1attice 5 hours ago [-]
Your new profession will be attempting to find enough gig work to eat. You will also be competing with self-driving taxis, so there's that as well.
RALaBarge 3 hours ago [-]
I need to start SaaS for getting people to start doing lunges and squats so they can carry others around on their back, I need a founding engineer, a founding marketer, and 100m hard currency.
ks2048 3 hours ago [-]
People say we're cooked every single day. The only response is to continue life as if we aren't. When we are, you won't have to ask that question.
vips7L 16 minutes ago [-]
Everyone’s pretending the suits are going to want to do the prompting. We all know they aren’t.
whalesalad 8 hours ago [-]
There is an entire section on crafting chemical/bio weapons so yeah I think we are cooked.

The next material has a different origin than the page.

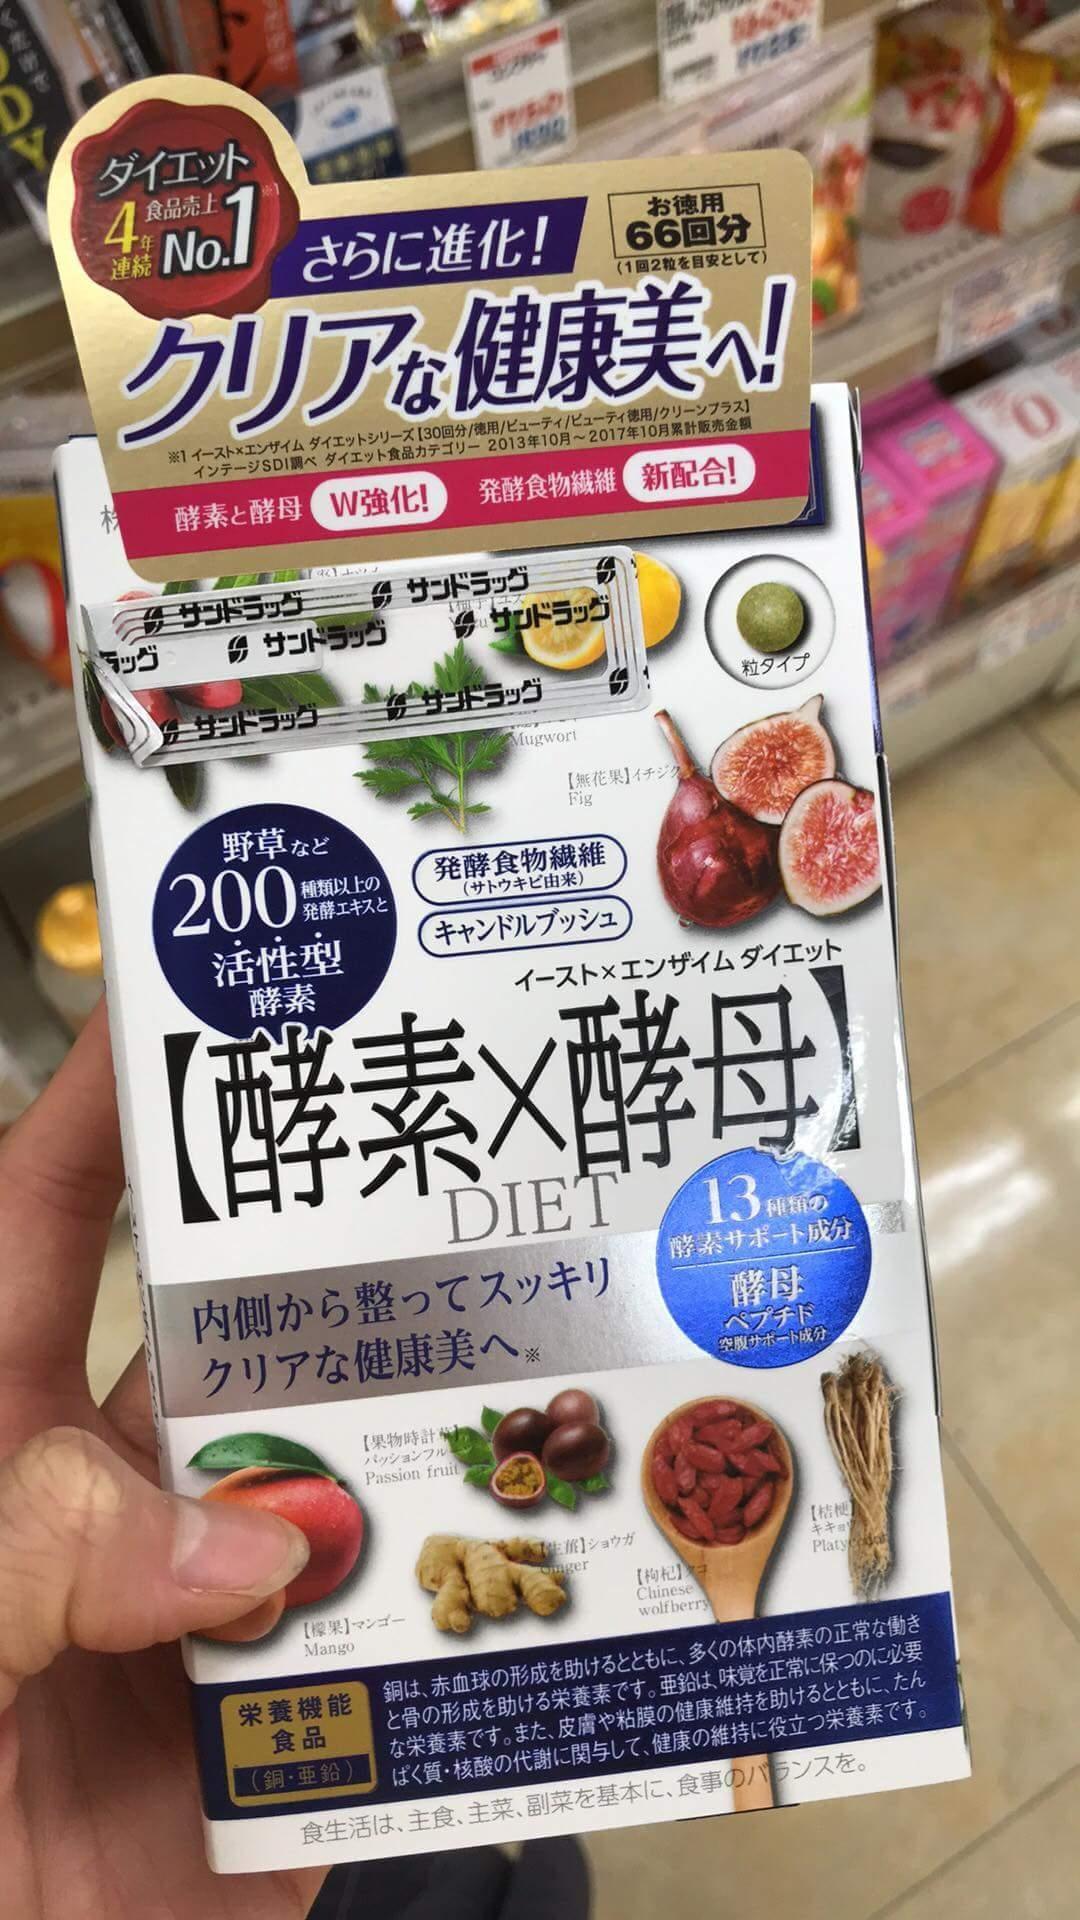 Viên Giảm Cân Vegetable 60 Ngày (Nhật Bản)

redfloatplane 8 hours ago [-]
There's been a section on this in nearly every system card anthropic has published so this isn't a new thing - and, this model doesn't have particularly higher risk than past models either:
> 2.1.3.2 On chemical and biological risks
> We believe that Mythos Preview does not pass this threshold due to its noted limitations in
open-ended scientific reasoning, strategic judgment, and hypothesis triage. As such, we
consider the uplift of threat actors without the ability to develop such weapons to be
limited (with uncertainty about the extent to which weapons development by threat actors
with existing expertise may be accelerated), even if we were to release the model for
general availability. The overall picture is similar to the one from our most recent Risk
Report.
ainch 3 hours ago [-]
This opens up an interesting new avenue for corporate FOMO. What if you don't partner with Anthropic, miss out on access to their shiny new cybersec model, and then fall prey to a vuln that the model would have caught?
mceachen 2 hours ago [-]
Since when did corporations care? Most seem to just pay their insurance premium for cyber liability and call it a day.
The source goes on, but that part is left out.